We are all highly aware of the pitfalls of the currently available treatments. They are better than they were, but they aren’t good enough, and they are still being chronically over-used in low-risk men and men with limited life expectancies. New treatments for prostate cancer need to be held to a higher standard than has been customary in the past. We need to be asking how such treatment really benefit patients compared to what is already available. And we need real data (not just opinion) to clearly demonstrate any such benefits.

 

4 Responses

  1. Ten years studies are typically only good for the cases that are higher risk or metastatic. Of little use for low-risk disease and most intermediate cases. This was a complaint I had out of the gate with my diagnosis at age 44. Luckily my personal 8-year study is going well.

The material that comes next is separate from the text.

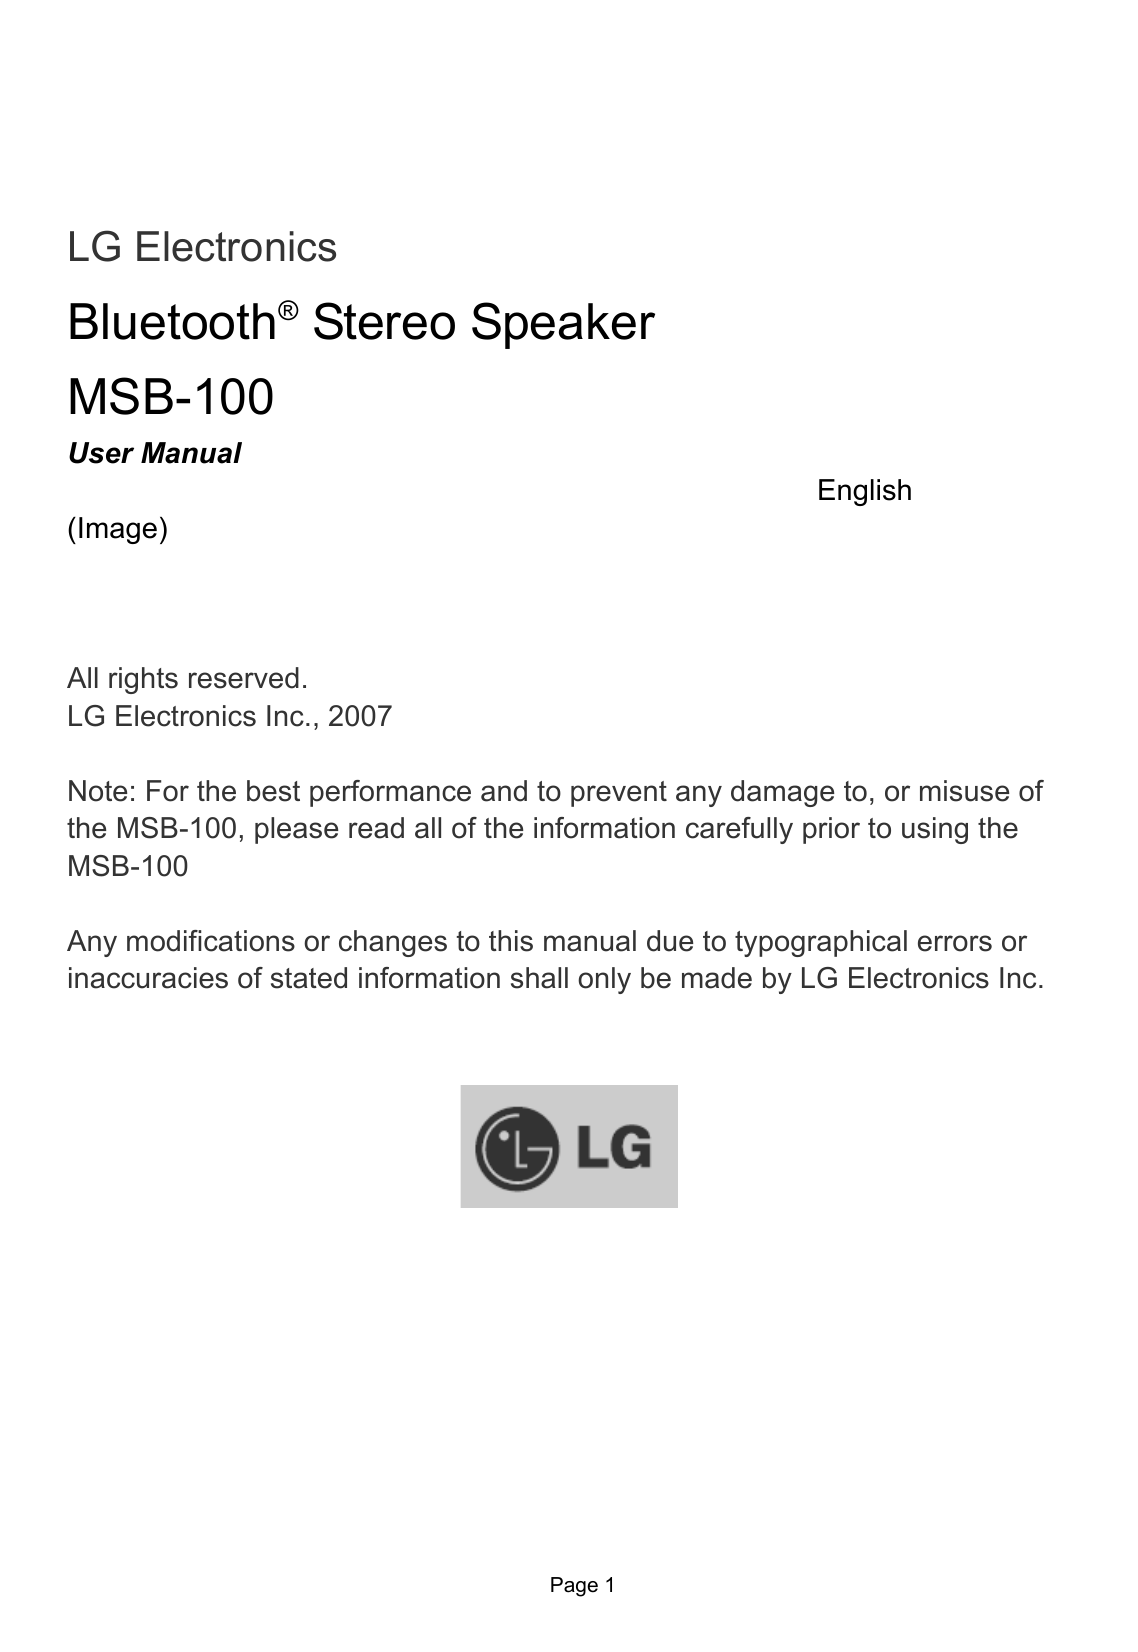                 Page 1       LG Electronics Bluetooth® Stereo Speaker MSB-100 User Manual   English (Image)    All rights reserved. LG Electronics Inc., 2007  Note: For the best performance and to prevent any damage to, or misuse of the MSB-100, please read all of the information carefully prior to using the MSB-100  Any modifications or changes to this manual due to typographical errors or inaccuracies of stated information shall only be made by LG Electronics Inc.

  2. For the calculation of the absolute overall survival rate for men treated with watchful waiting, you use an a denominator of 234, but it should be 348. Dividing 101 by 348 gives approximately 29.0 percent, as stated.

  3. Ooops … Typo duly corrected. Thank you.

  4. Well said! The implications of this commentary are huge for all the relatively immature treatments including proton beam therapy, SGRT, HIFU and XRT plus brachytherapy. Articles promoting any of these therapies based on PSA failure rates are grossly inadequate and mean very little other than an opportunity to promote these various therapies. Patients would be better served if doctors involved with those therapies were more honest in acknowledging it will take many more years to know if these therapies offer patients comparable or better results.